Two recent additions to the Sackville public art inventory are drawing media attention as well drawing people to the Town’s downtown core to see them. An attractive space on the corner of Bridge and Weldon Streets, adjacent to the local Salvation Army store, is now home to a public art sculpture as well as a 3D sidewalk chalk drawing. People are being drawn to the new art, as well as the unique variety of shops and restaurants that Sackville has to offer.

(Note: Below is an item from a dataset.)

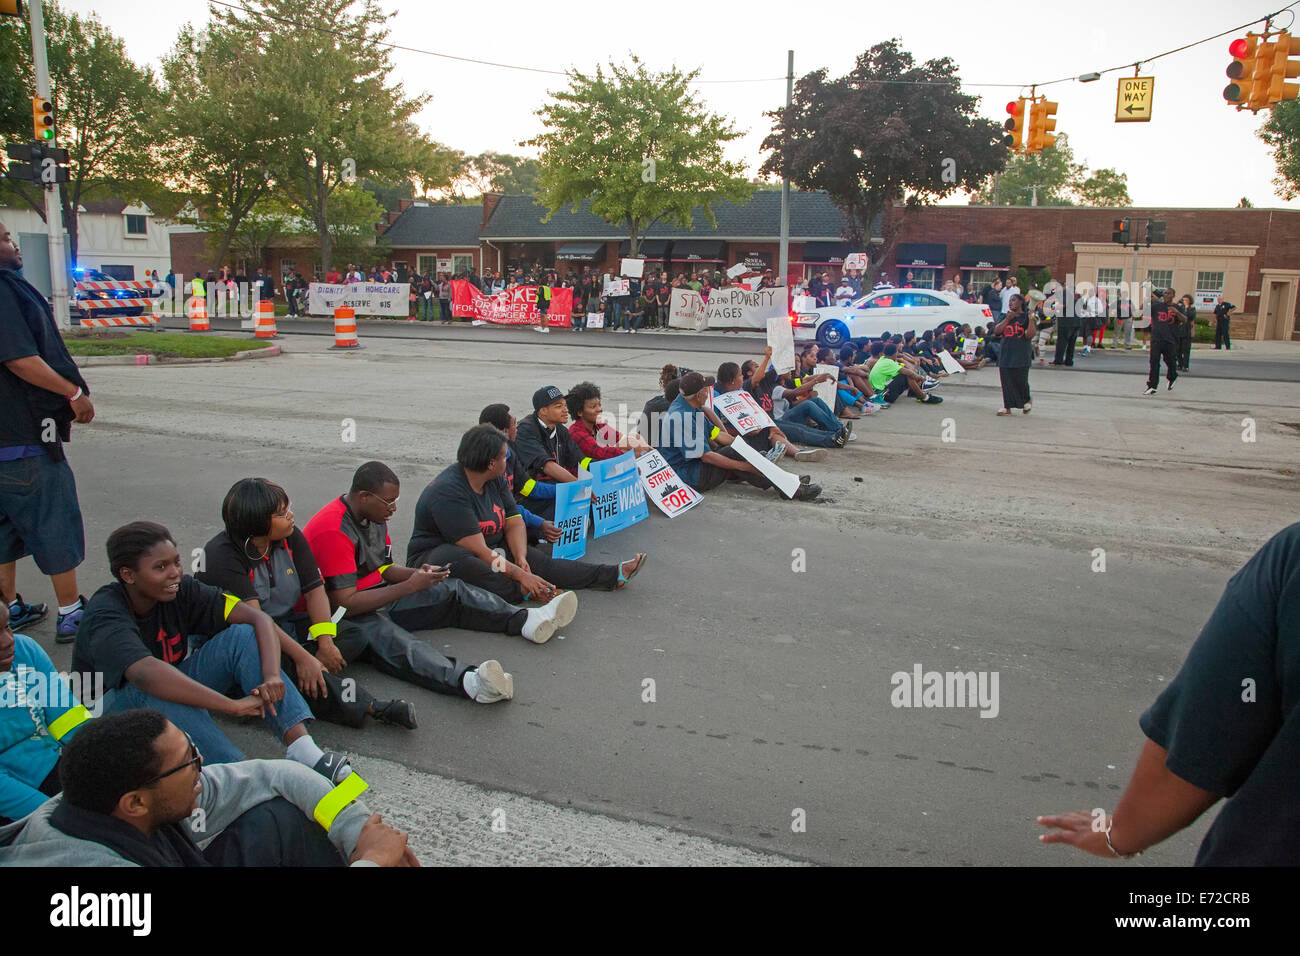 Detroit, Michigan, US. Fast food workers and supporters picketed a McDonald's restaurant and blocked traffic on Mack Avenue, demanding a higher wage of $15 an hour. Several dozen workers were arrested. Credit:  Jim West/Alamy Live News Stock Photo

The recently installed sculpture by artist Christian Toth, titled “Heron’s Watch”, has drawn universal praise for it’s beauty and appropriate connection to Sackville and the nearby Tantramar Marsh. The bronze sculpture features two ducks, one standing and one sitting. Overlooking the two ducks is a majestic heron. The three birds sit on a landscaped pedestal and viewed together offer an impressive commemoration to the marsh and its waterfowl inhabitants. The ducks are named Grace Annie (after Grace Annie Lockhart, a famous graduate of Mount Allison University), and Willy. The heron is named Erin, and the whole sculpture is titled “Heron’s Watch”. The names of the birds and the sculpture were all submitted by local children during a naming contest. The contest winners were Marek Tower, Sophie Boomer-Searle, Dorothée Desrochers, and Ella Snowdon.

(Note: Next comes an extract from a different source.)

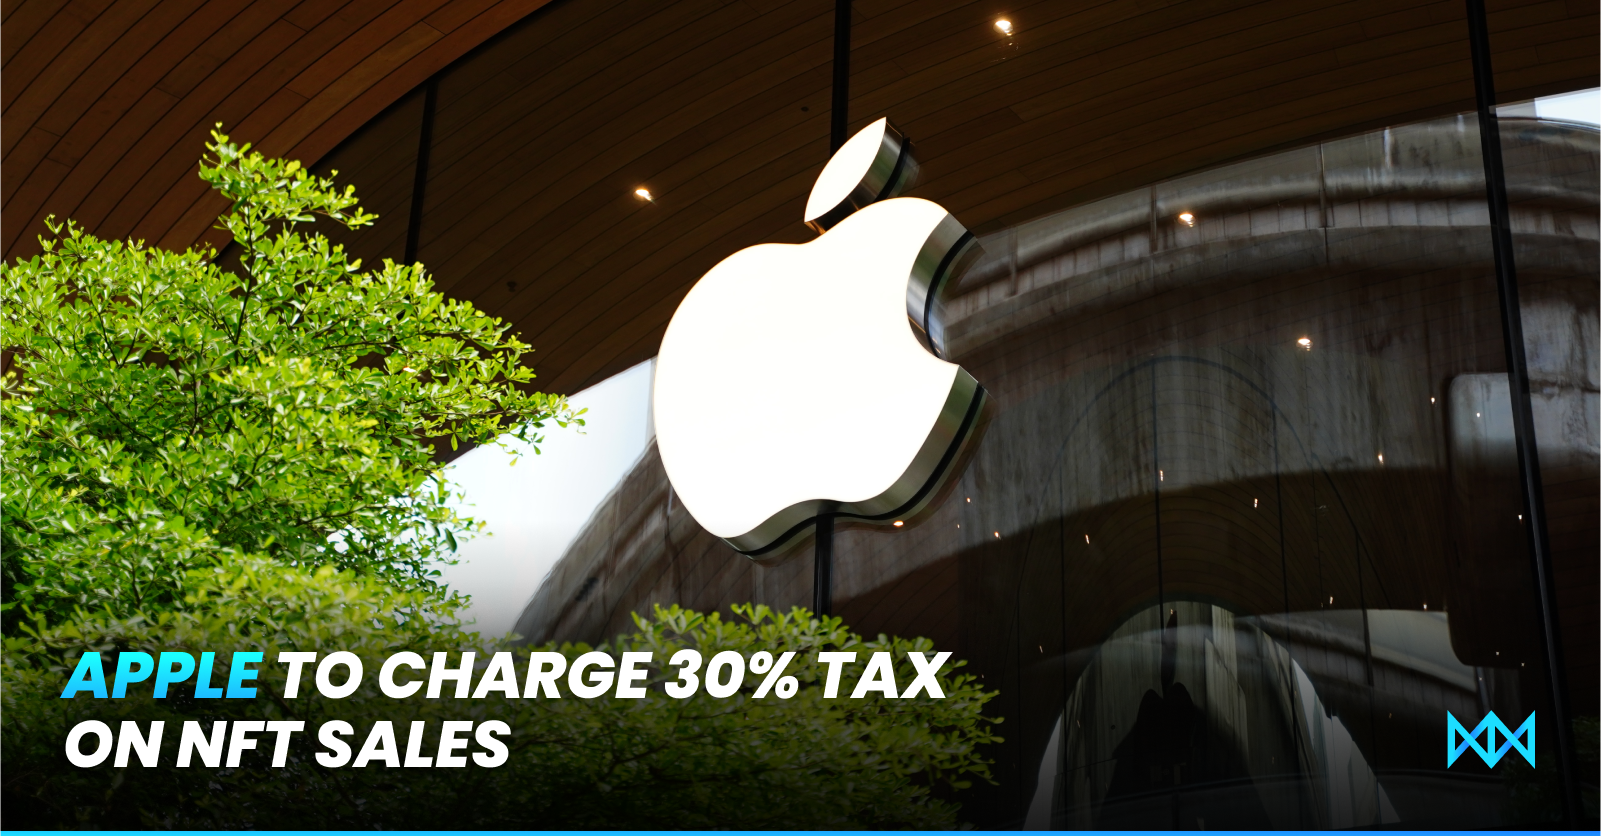 Apple Has Allowed NFT Sales On its App Store with 30% Tax

As part of the celebration event for the new sculpture, the Town commissioned artist Dave Johnston (know as Chalkmaster Dave) to create a 3D sidewalk drawing just beside the sculpture. The “terrifying pit of doom” gives the illusion that part of the sidewalk is missing and that people who approach it are in danger of falling in. It’s especially effective when people pose on it and take a photograph. The sidewalk drawing demonstration in also an example of what would be offered if the Town undertakes a sidewalk art festival they are considering for 2017.